Norma
26/10/2020

Instrução Normativa BCB N° 32

Estabelece formato, periodicidade e informações que participantes do Pix devem prestar ao Banco Central.

Resumo

A IN BCB nº 32/2020 estrutura a remessa de informações do Pix ao Banco Central.

📌 Exige envio mensal do documento 1201/APIX001 com dados operacionais do Pix.

🗂️ Determina armazenamento mínimo de 12 meses para dados sob demanda.

⚠️ Prevê resposta ao BCB por meio do documento 1202/APIX002 quando houver solicitação.

🕰️ O prazo inicial de 7/12/2020 foi tratado como item histórico encerrado.

Resumo executivo

A Instrução Normativa BCB nº 32, de 26 de outubro de 2020, é uma norma operacional do Banco Central do Brasil voltada à prestação de informações pelos participantes do Pix. Ela não institui o Pix, não redefine a participação no arranjo e não trata de regras gerais de experiência do usuário. Seu foco é mais específico: estabelecer quais informações os participantes alcançados devem enviar periodicamente ao Banco Central, quais dados devem manter armazenados para envio sob demanda e quais características de remessa devem ser observadas.
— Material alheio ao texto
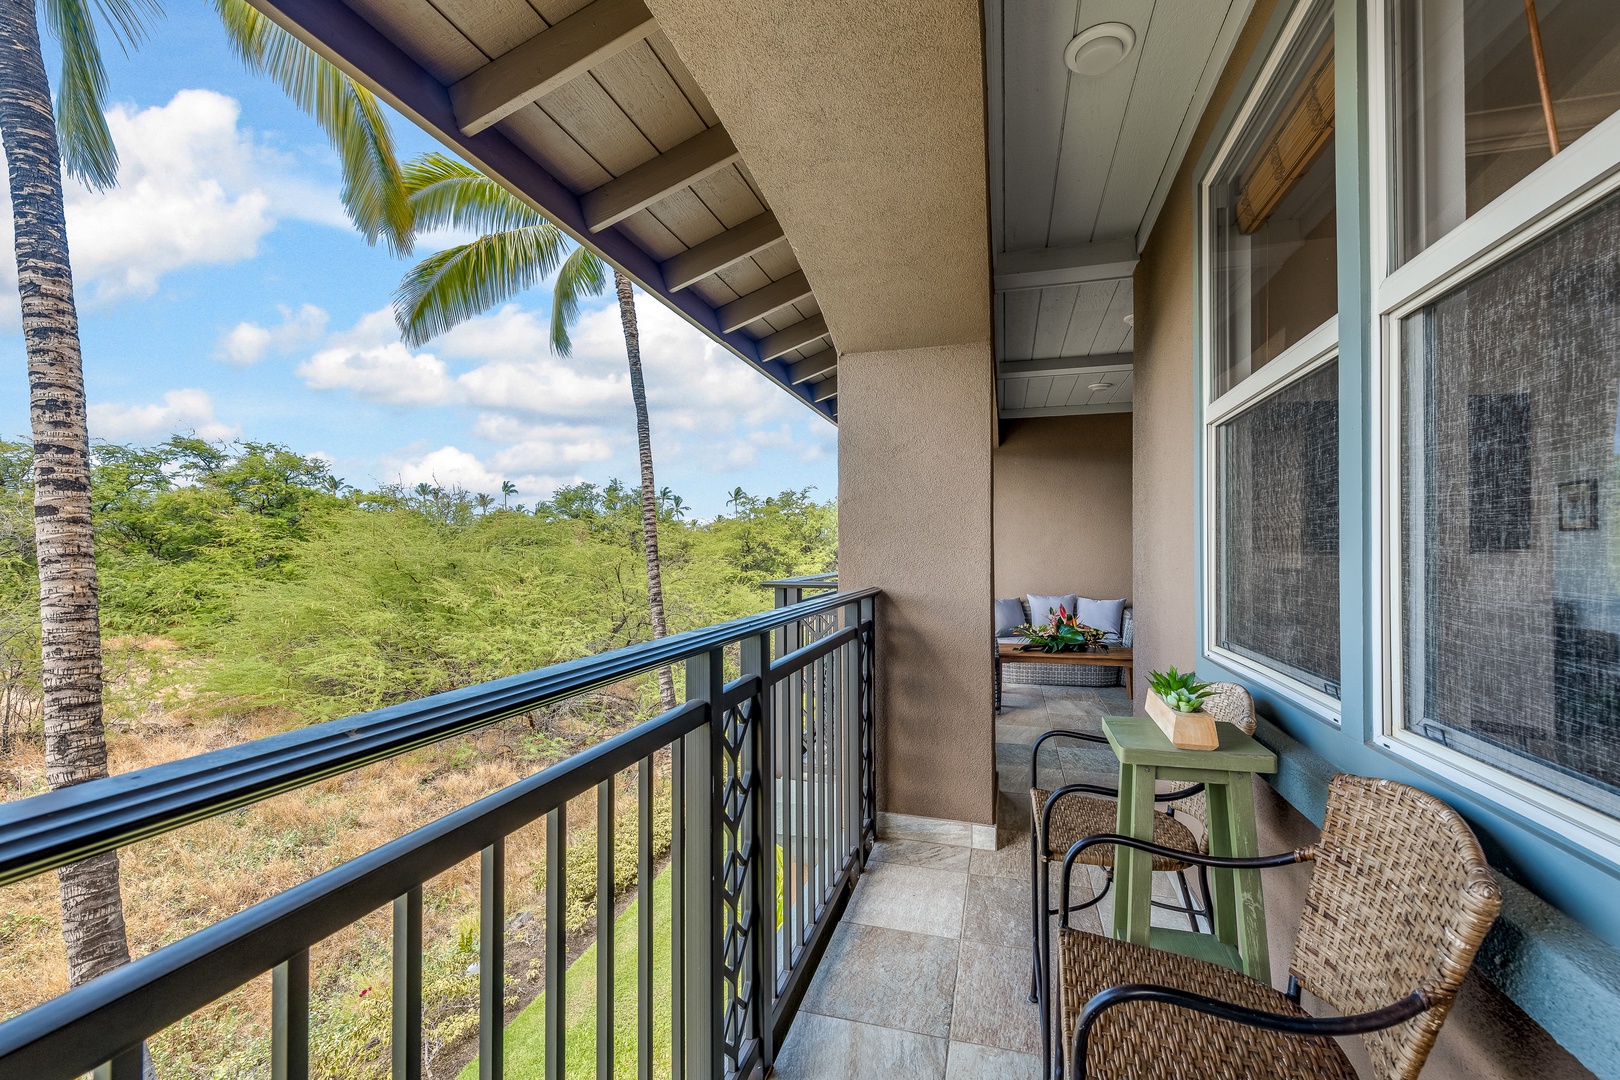 Kamuela Vacation Rentals, Mauna Lani Fairways #603 - Primary suite balcony extends along the entire unit

No retrato-fonte original de 2020, a norma organiza três blocos principais. O primeiro é a obrigação de envio mensal das informações do Anexo I, por meio do documento 1201, código APIX001, no formato XML, pelo Sistema de Transferência de Arquivos. O segundo é a obrigação de armazenar, pelo prazo mínimo de 12 meses, um conjunto adicional de informações do Anexo II, para que possam ser remetidas ao Banco Central quando solicitadas. O terceiro é a disciplina operacional do envio sob demanda, por meio do documento 1202, código APIX002, com prazo definido caso a caso.

A extração gerou quatro requisitos: três ativos e um histórico encerrado. Os requisitos ativos cobrem a remessa mensal, a retenção mínima de dados sob demanda e o envio por evento quando houver solicitação do Banco Central. O requisito encerrado registra o marco inicial de implantação da norma: dados referentes a novembro de 2020 deveriam ser enviados até 7 de dezembro de 2020. Esse item foi preservado porque nasce do próprio documento-fonte e pode ser útil para auditoria histórica, mas não deve ser tratado como obrigação recorrente atual.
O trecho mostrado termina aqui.